We can see that compared to default partitioner, forward pass now outputs fewer tensors, and recomputes some operations in the backward pass. Let us try NNC compiler now to perform operator fusions (note that we also have a wrapper function - memory_efficient_fusion which internally uses min_cut_rematerialization_partition and Torchscript compiler to achieve the same effect as following code).

# Lets set up the partitioner and NNC compiler.
aot_recompute_nnc_fn = aot_function(fn, fw_compiler=ts_compile, bw_compiler=ts_compile, partition_fn=min_cut_rematerialization_partition)

# Correctness checking. Lets clone the input so that we can check grads.
cloned_inputs = [x.clone().detach().requires_grad_(True) for x in (a, b, c, d)]
cloned_a, cloned_b, cloned_c, cloned_d = cloned_inputs

res = aot_recompute_nnc_fn(*cloned_inputs)
loss = res.sum()
loss.backward()
assert torch.allclose(ref, res)
assert torch.allclose(a.grad, cloned_a.grad)
assert torch.allclose(b.grad, cloned_b.grad)
assert torch.allclose(c.grad, cloned_c.grad)
assert torch.allclose(d.grad, cloned_d.grad)

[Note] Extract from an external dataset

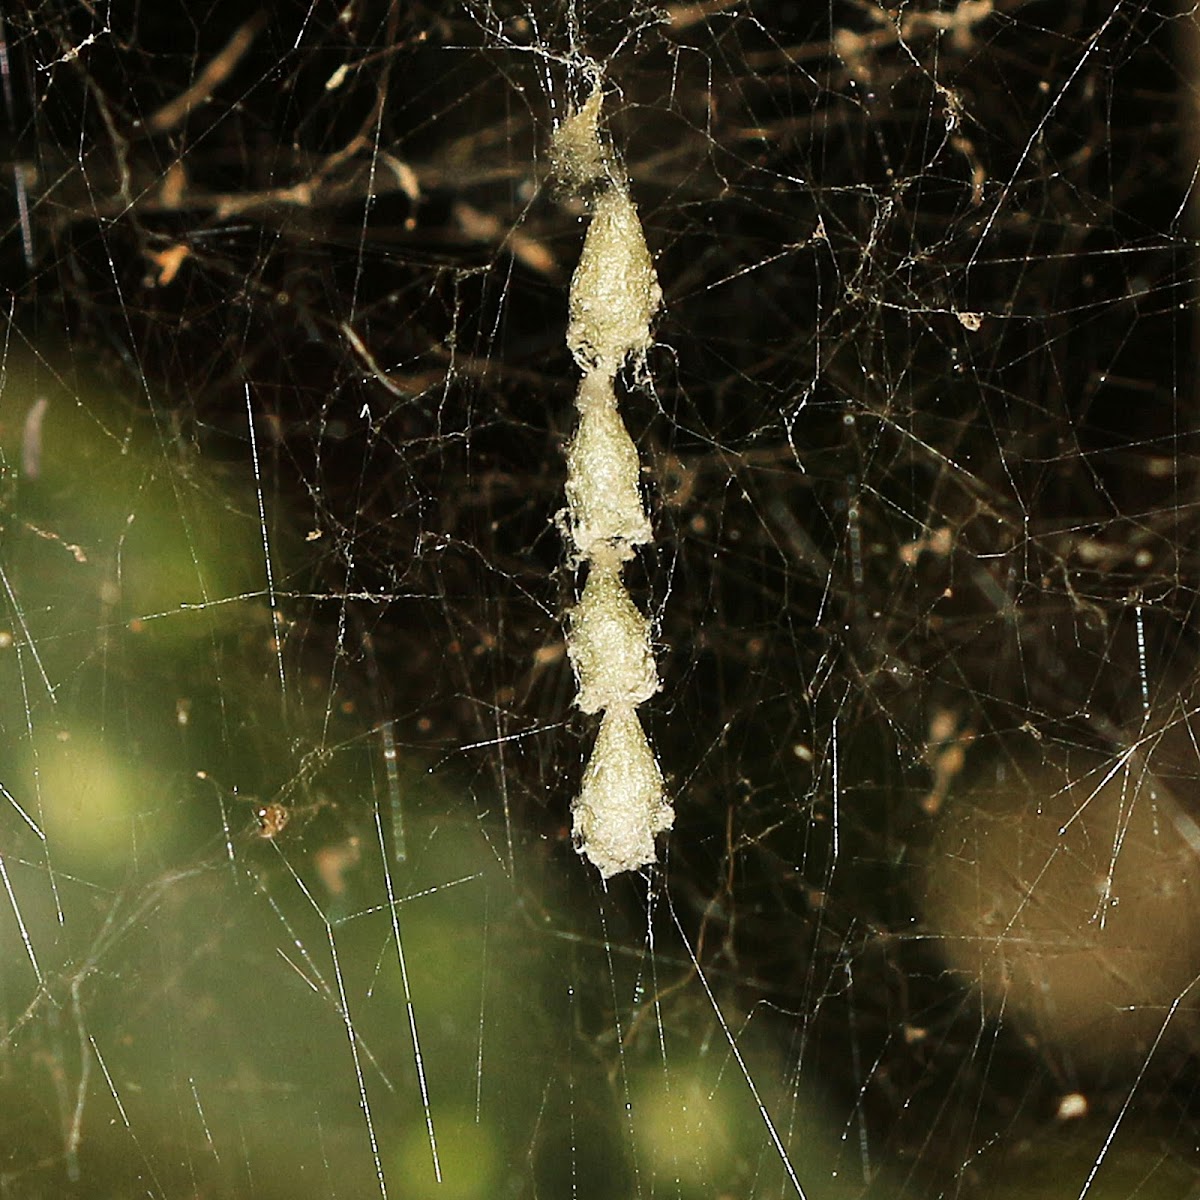 Dome Spider

Finally, lets benchmark the different functions

bench(fn, large_inputs, "Eager")
bench(aot_nnc_fn, large_inputs, "AOT")
bench(aot_recompute_nnc_fn, large_inputs, "AOT_Recomp")
Eager, Fwd = 740.7676504226401 us, Bwd = 1560.5240693548694 us
AOT, Fwd = 713.8530415249988 us, Bwd = 909.1200679540634 us
AOT_Recomp, Fwd = 712.2249767417088 us, Bwd = 791.4606417762116 us

We observe that both forward and backward latency improve over the default partitioner (and a lot better than eager). Fewer outputs in the forward pass and fewer inputs in the backward pass, along with fusion, allows better memory bandwidth utilization leading to further speedups.

Actual Usage

For actual usage on CUDA devices, we’ve wrapped AOTAutograd in a convenient wrapper - memory_efficient_fusion. Use this for fusion on GPU!